土屋文明 つちや・ぶんめい(1890—1990)


 

本名=土屋文明(つちや・ぶんめい)
明治23年9月18日(戸籍上は1月21日)—平成2年12月8日 
享年100歳(孤峰寂明信士)❖文明忌 
埼玉県比企郡ときがわ町西平386 慈光寺(天台宗)



歌人。群馬県生。東京帝国大学卒。明治41年伊藤左千夫宅に寄寓、斎藤茂吉らを知る。大正6年『アララギ』選者となる。松本高等女学校校長などを務めながら作歌活動をつづけ、14年第一歌集『ふゆくさ』を刊行。昭和5年『アララギ』の編集発行人となる。
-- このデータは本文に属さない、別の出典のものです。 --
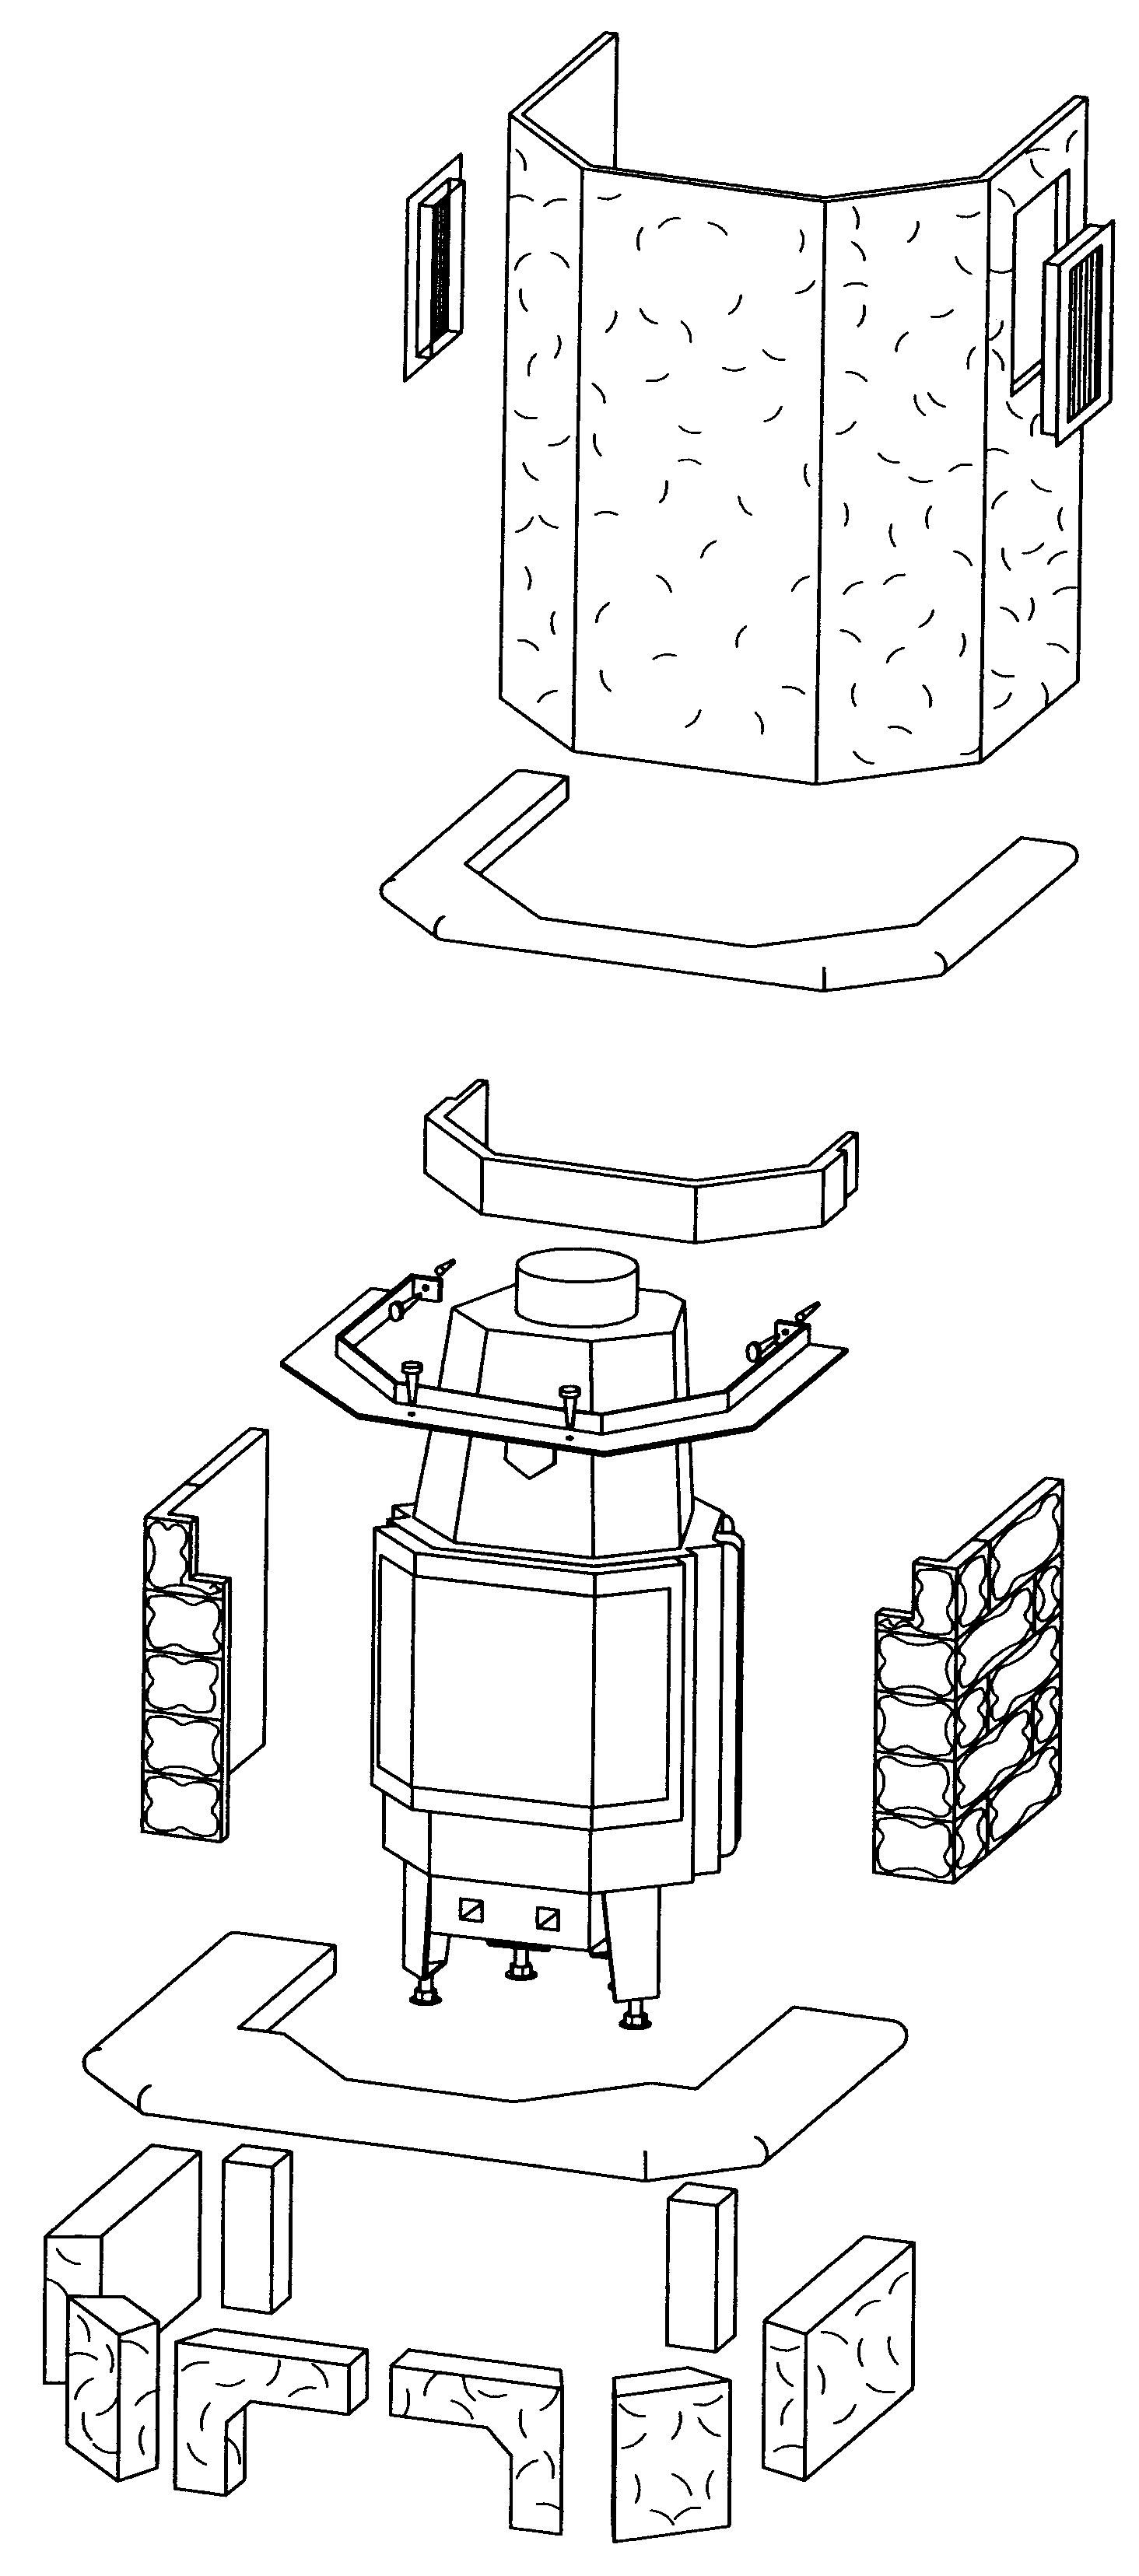 Kaminbausatz Hark Aspen mit Radiante 800/45K Marmor Classico-Beige 8kW Bild 2

歌集に『山谷集』『韮青集』『青南集』などがある。



 



桐の葉の広きをしきて児(こ)はすわり母をも共にすわらせにけり    

裸身にて蚊を焼く吾や蔑みし父にいくらも変わらざりけり

吾がもてる貧しきものの卑しさを是の人に見て堪へがたかりき      

争ひて有り経し妻よ吾よりはいくらか先に死ぬこともあらむ

小工場に酸素熔接のひらめき立ち砂町四十町夜ならむとす        

にんじんは明日蒔けばよし帰らむよ東一華の花も閉ざしぬ
 
時代ことなる父と子なれば枯山に腰下ろし向ふ一つ山脈

この谷や幾代の飢に痩せ痩せて道に小さなる媼行かしむ         

死後などは思ふとせざる父と子の間の母は何を思ひけむ

この道にやうやく歩む汝なりき立ち変るとも道は行くべく



 

 歌壇の最長老として100歳の長寿を保った土屋文明のいう健康の秘訣は〈悪口、昼寝、嫌なことをしない〉ということであった。
 最晩年に至ると、『アララギ』の巻頭に載る作歌が毎号のように目立って少なくなってきた。100歳の誕生日を迎えてまもなくの平成2年10月、東京・千駄ケ谷の代々木病院に入院する。それからの2か月余は故郷上州上郊村(現・高崎市)の思い出話に終始して、先に逝った妻テル子の面影を追う日々であった。
 ——〈枯れし畦一人歩み行く少年誰ぞ夢は今宵も言葉なし〉、平成2年12月8日、〈最期の呼吸までしっかりなしおえ、苦痛の様子は何も見られず、自然にさからわない静かな峻厳な死であった〉と長女の小市草子は記している。



 

 妻テル子の死によって、昭和49年に死んだ長男夏実の遺骨を京都から引き取り、親子三人の墓をつくるべく比企の板東観音札所慈光寺にそれを定めた。
 都幾川にそった道を折れ、勾配のきつい参道に入っていくと、道ばたにはまばらな曼珠沙華が弱々しい姿勢を立たせていた。鳴き疲れた蝉や名も知らぬ鳥、松虫、鈴虫の声、群生する著莪のなかに咲く露草、けなげに飛び交う二匹の蝶。蜘蛛の巣が金糸のように光っている。ゆるやかに湾曲した坂道に映る葉影、深まる樹々のなかに小さな墓地があった。三人の名が刻された平板な洋風墓。
 〈亡き後を言ふにあらねど比企の郡槻の丘には待つ者が有る〉と歌った文明もようやくにこの碑の下に眠っている。